On Wednesday, May 1, 2019, Caster Semenya, the two time-Olympic champion and professional athlete who has competed in track and field since she was a child, lost an important battle in the fight around gender and sports. The International Association of Athletics Federations (IAAF) ruled that Semenya would have to take hormones that would lower her naturally occurring testosterone levels in order to “ensure fair competition in women’s sports.” If Semenya declines the suppressants she cannot compete in the 800-meter races at the Olympics, as well as other international competitions. The ruling concluded that “discrimination is necessary, reasonable and a proportionate means of achieving the IAAF requirement to preserve the integrity of female athletics.”
As an Olympian myself, I find this ruling devastating. I was an extraordinarily fast swimmer as a young girl. I swam for France in the 1996 Olympics, and broke the world record the day before my official race — in practice. I’m writing this from my hotel room in Sydney, Australia, where I’ve been invited to talk about my book Godspeed, a memoir of growing up as a young professional athlete. My wife and I are being well cared for, staying as guests in an exclusive hotel in Sydney, being shuttled around from one event to the next where I am asked insightful and thoughtful questions about my Olympic experience as a young swimmer who swam the fastest time in the world — outside of competition — and bombed on the actual race day. Caster Semenya’s accomplishments outshine my own by entire solar systems and galaxies, and yet, her plight is the plight of all natural athletes.
Watching Caster run is like watching history happen in real time — her perfect form, her stride and her muscles conspire in absolute ownership of her race. For me, she stands next to Pelé, Michael Phelps, and Brittney Griner in the enormous bound forward with which she has taken her sport. The truth is that most athletes have to content themselves with striving. Very few will change the landscape of sports. The number of professional athletes in the world is small, and the number of athletes who are truly gifted — who entirely change how we think about their sport — that number is so much smaller that we all know them by name. Like other athletes who can slam dunk, play soccer like they are dancing, and win a record-breaking 28 gold medals, Semenya has elevated the bar of speed toward which all women runners can gaze, and hope to one day beat.
When I was swimming, I remember how, on the rare occasion that a new record would be set, it would break me and my teammates’ brains open. I wept in admiration and awe the first time a female swimmer swam under 54 seconds in the 100 freestyle — a feat, which up until that point (laughably) had been considered an actual physical impossibility for a female athlete.
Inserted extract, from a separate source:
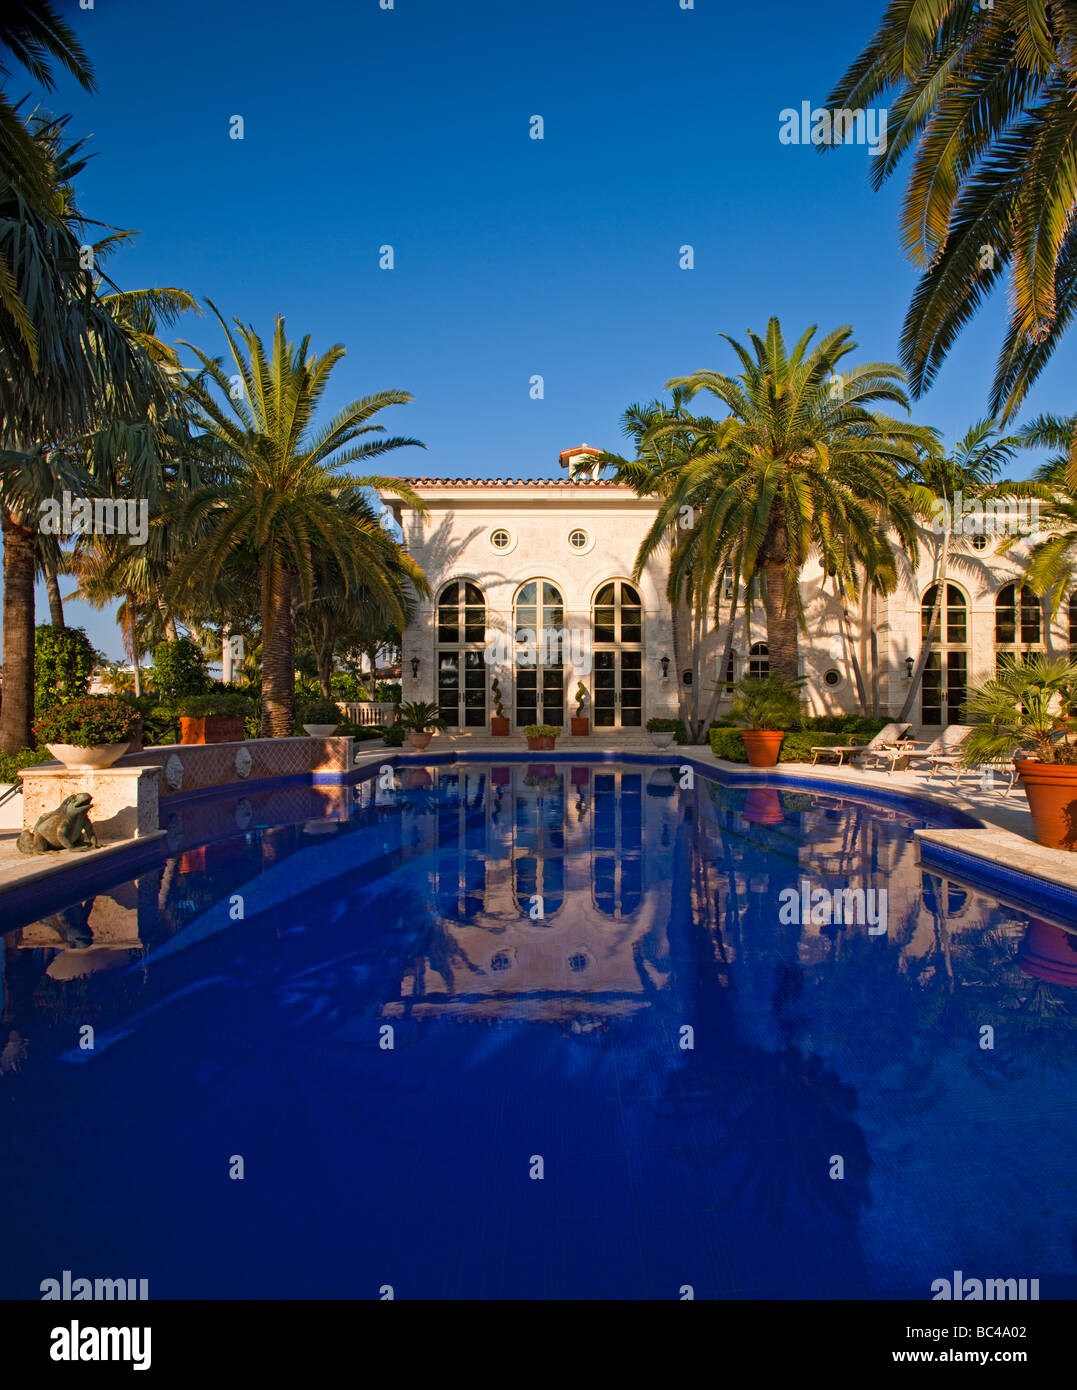 A luxurious pool at a mansion in Boca Raton, Florida Stock Photo

A key part of the argument made by the IAFF this week revolves around the data that most females have about 0.12–1.79nmol/L of testosterone in their bodies versus males, who have 7.7–29.4nmol/L. Caster falls within the latter range. I threw my phone across the room when I read the ruling.
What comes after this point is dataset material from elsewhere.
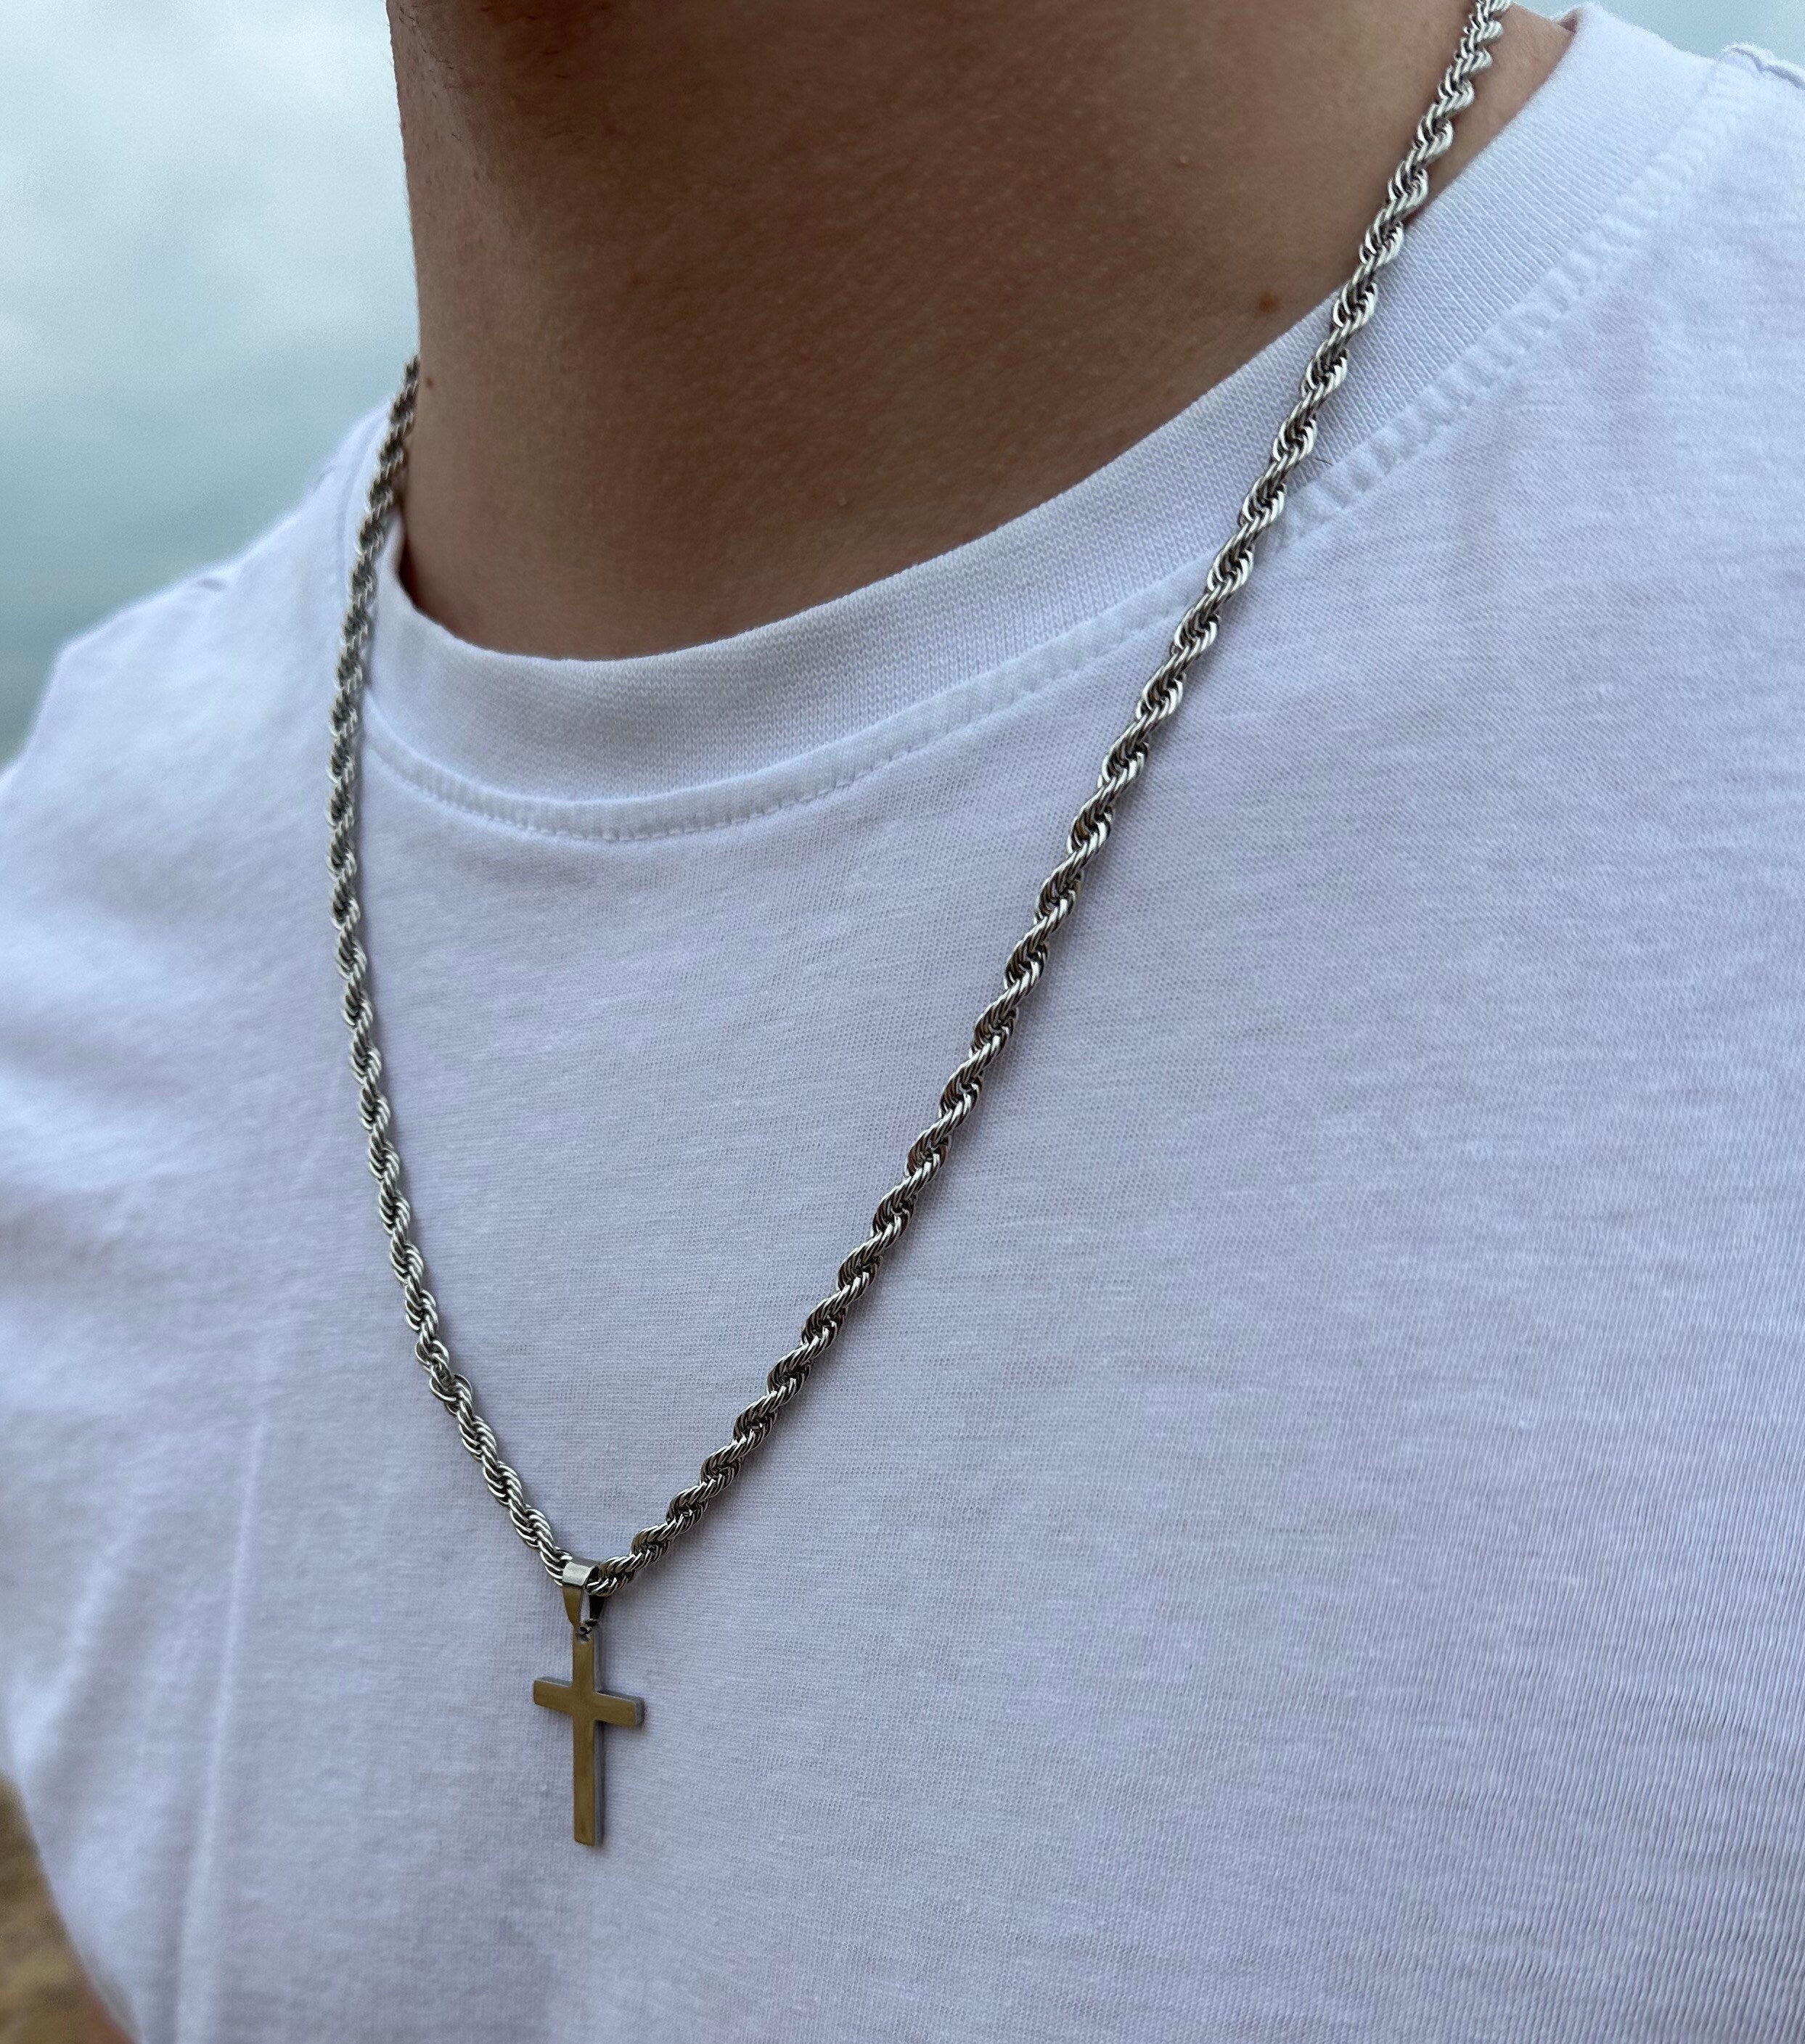 Christian Cross Necklaces For Men Silver, 24 inch - Eleganzia Jewelry

Since the age of 12, I have been six-foot-two. I also have Erlhos Danlos Syndrome, a degenerative condition of the connective tissue. One of the “symptoms” of EDS is very long arms, disproportionate to the average wing-span of the human body, plus large feet and big hands. The average female hand size is about 168 millimeters. The average male hand size is about 188. Mine are 205 millimeters. My shoe size is similarly more “male.” Why does this matter? As a swimmer, big hands and big feet are basically the equivalent of flippers and paddles — our very own naturally occurring physical advantage. These genetic advantages, coupled with discipline and hard work, made me unstoppable in the water. Michael Phelps has a similar naturally occurring advantage, and Ian Thorpe here in Australia was so well known and celebrated for how disproportionately big his feet where that his nickname was “Flippers.”
All of us, even me as an unruly, irreverent athlete, were celebrated. One difference I cannot help but notice between myself, Phelps, and Thorpe versus Caster, is whiteness. This is important, and especially so when we begin to look at the make-up of the ruling board members.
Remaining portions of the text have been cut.